Edmund Engelman, Berggasse 19: Sigmund Freud’s Home and Offices, Vienna, 1938.
. . . it was . . .
Harold Bloom, The Book of J.
. . . explained to me, was already 82 years old, and had been quite ill for many years.
Edmund Engelman, Berggasse 19: Sigmund Freud’s Home and Offices, Vienna, 1938.
In his spacious library, where he served us coffee and cakes, he showed me his fine collection of small bronzes, including a lovely Rodin.

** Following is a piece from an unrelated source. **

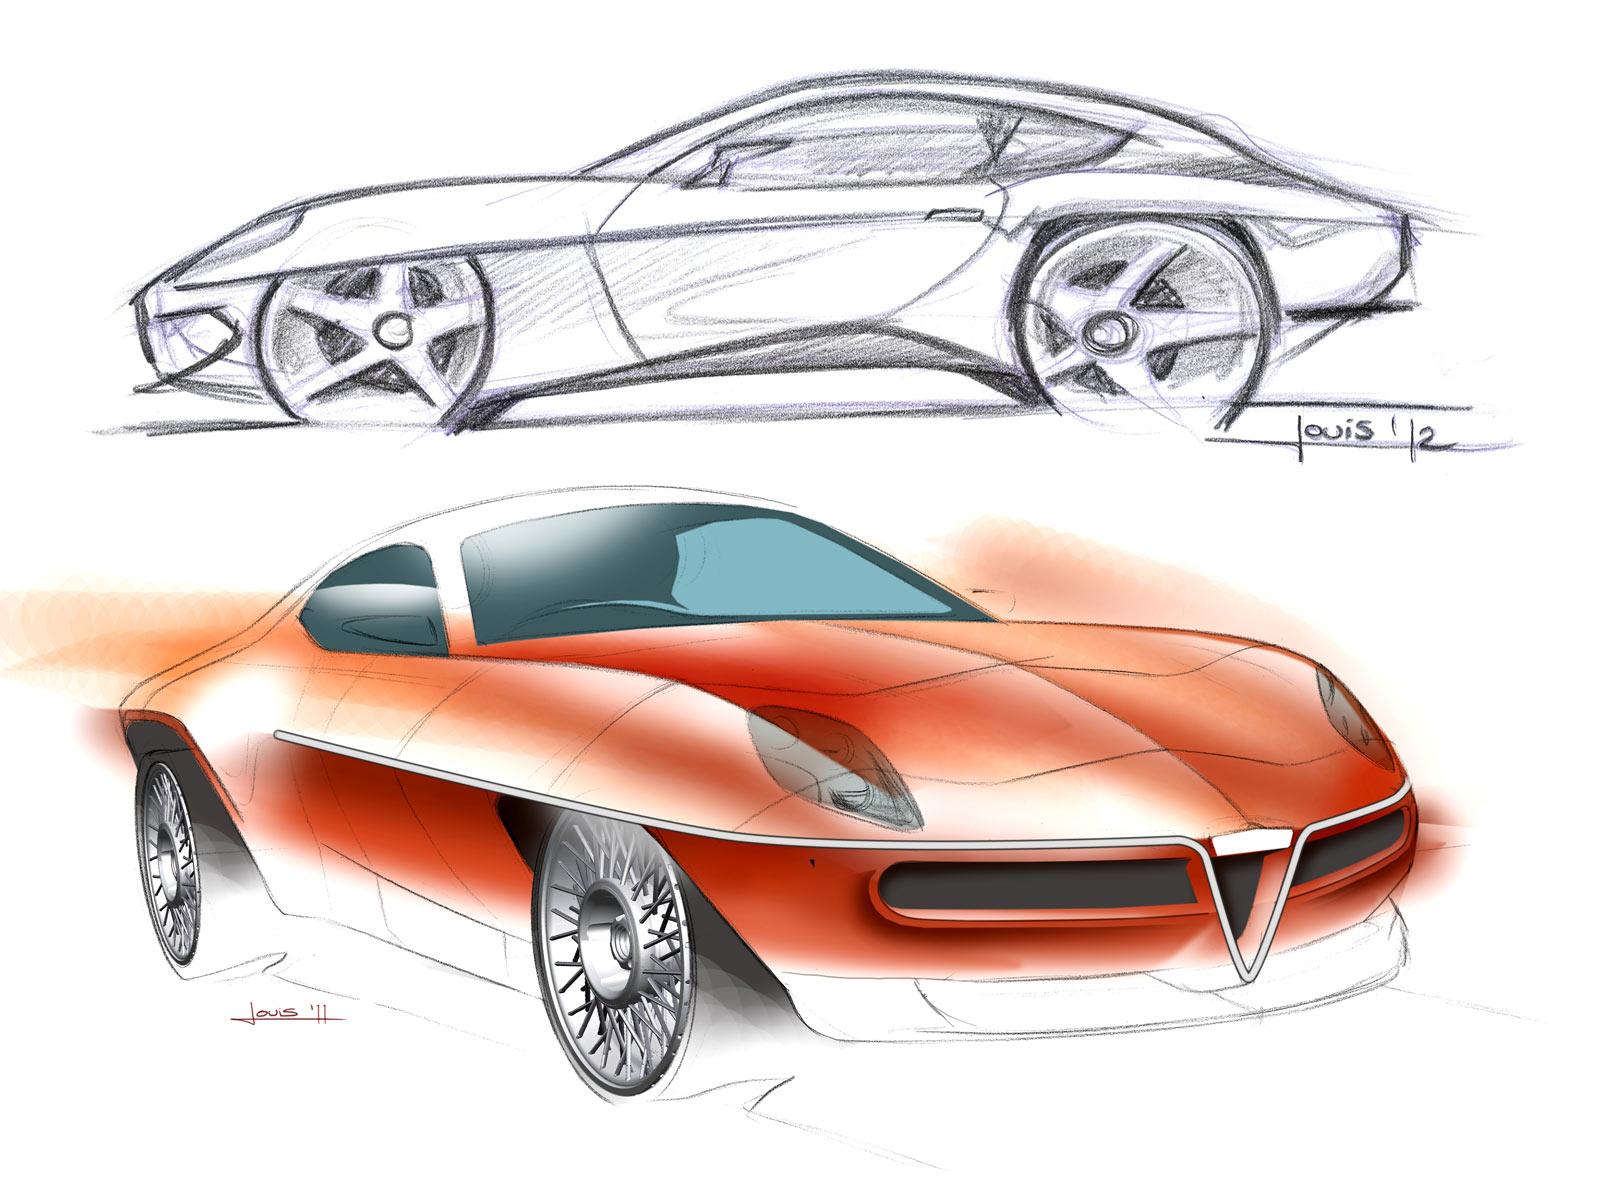 2012_Touring_Superleggera_Disco_Volante_Concept_Design-Sketch_01

Arthur Rubinstein, My Young Years.
. . . a statue of Victor Hugo . . .
Monique Laurent, Rodin.
“These bronzes are my passion,” he said.
Arthur Rubinstein, My Young Years.
To the left and right of the door were glass showcases filled with hundreds of antiquities. These were set up in several rows; every bit of cabinet space was filled.

I had been aware of the fact that Freud was a collector of ancient art, for my closest friend was the son of a well-known antique dealer in Vienna. Once a week, Freud had made the rounds of the city’s dealers. They, in turn, would know what he was looking for and saved items for him. Nevertheless, I was amazed by the unbelievable number of art objects.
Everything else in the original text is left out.